Using the data below, return word for word every line from the one holding "Pokémon (Ash vs" down to the one holding "Shake’n’Bake Tee". Leave pictures out.

Source material:
#####

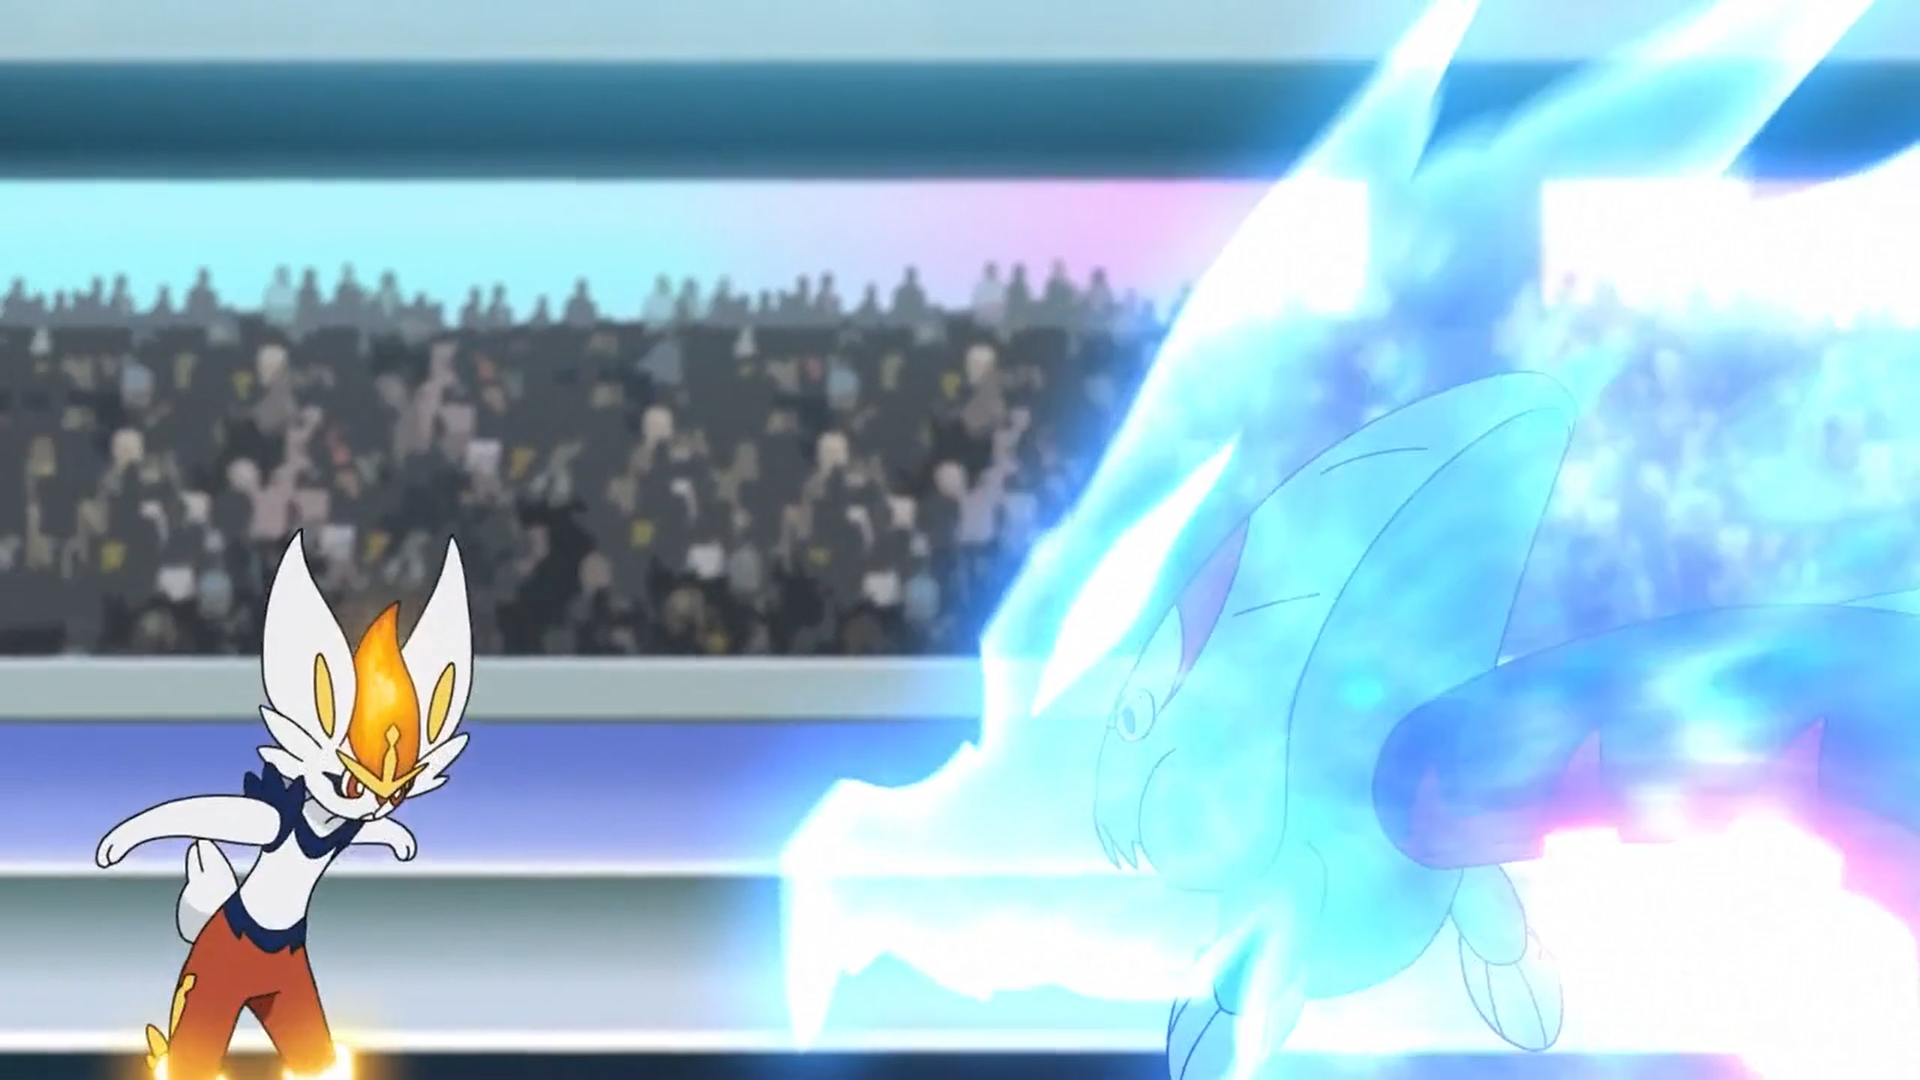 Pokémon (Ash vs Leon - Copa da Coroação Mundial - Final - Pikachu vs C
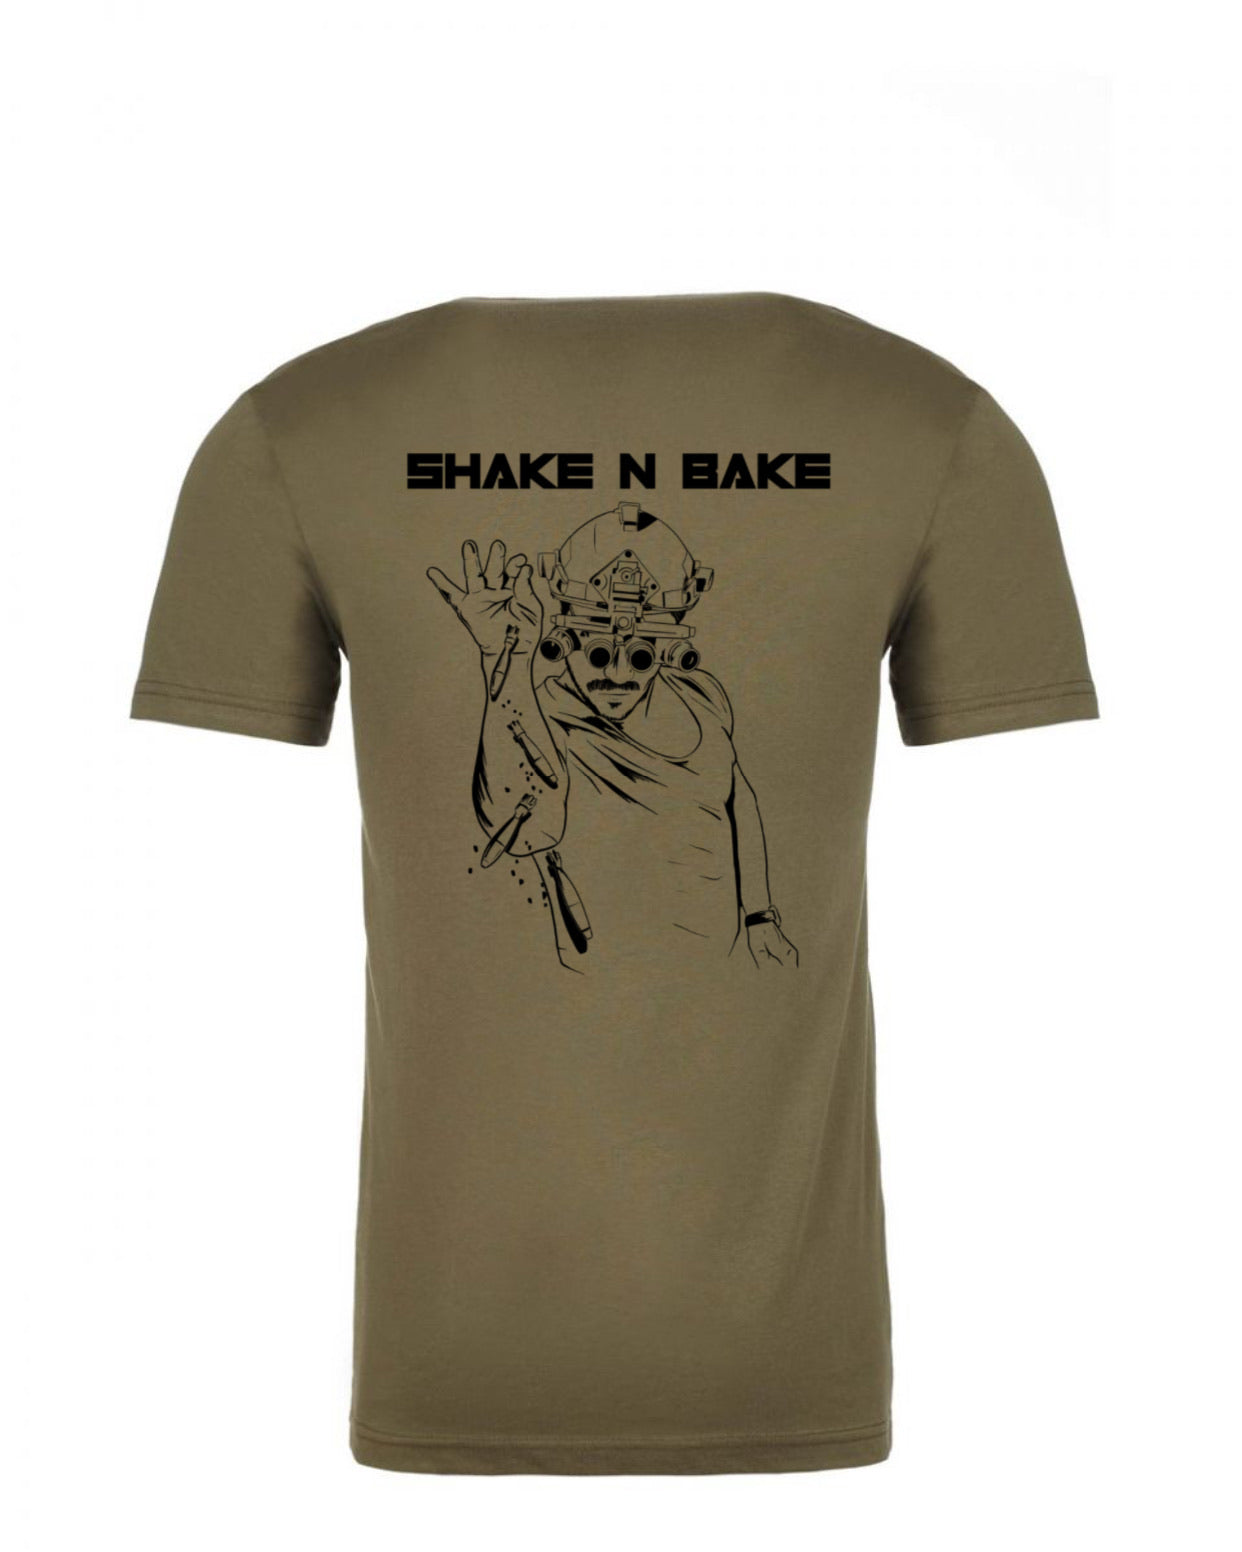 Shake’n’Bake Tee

#####

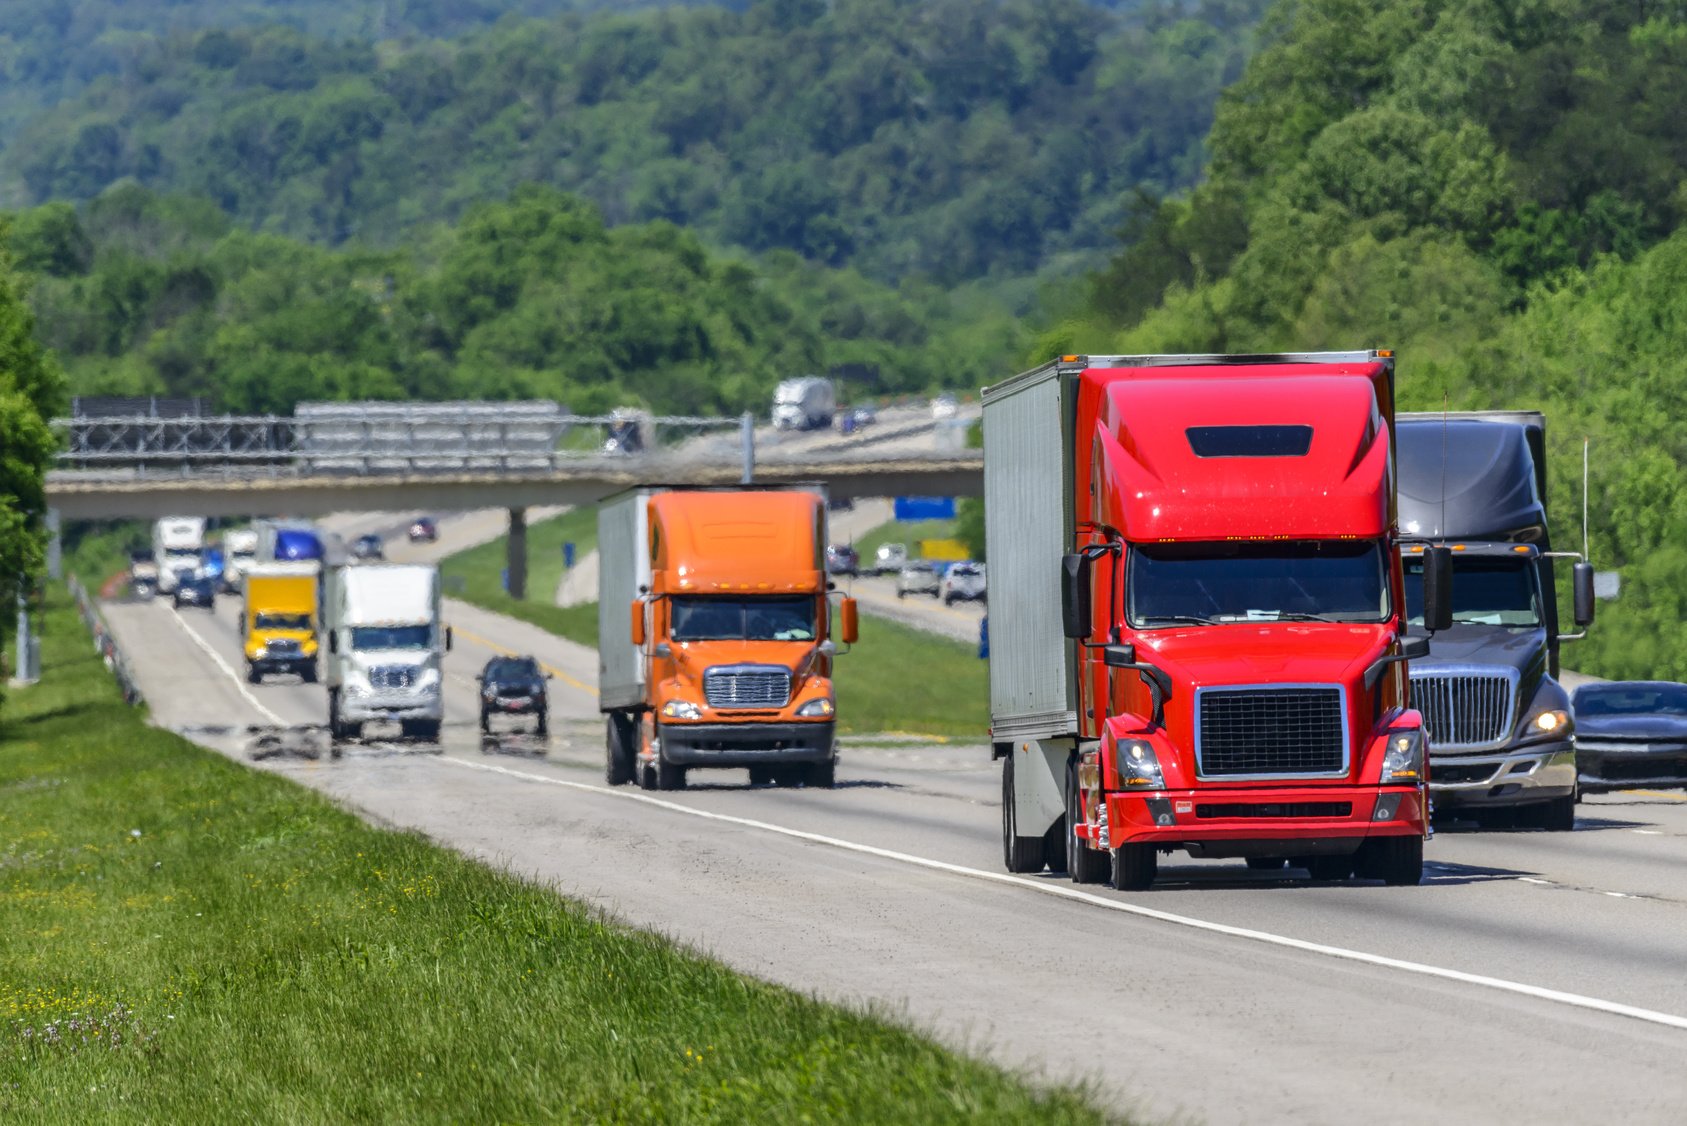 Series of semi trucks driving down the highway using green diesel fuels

#####

Result:
 Pokémon (Ash vs Leon - Copa da Coroação Mundial - Final - Pikachu vs C
 Shake’n’Bake Tee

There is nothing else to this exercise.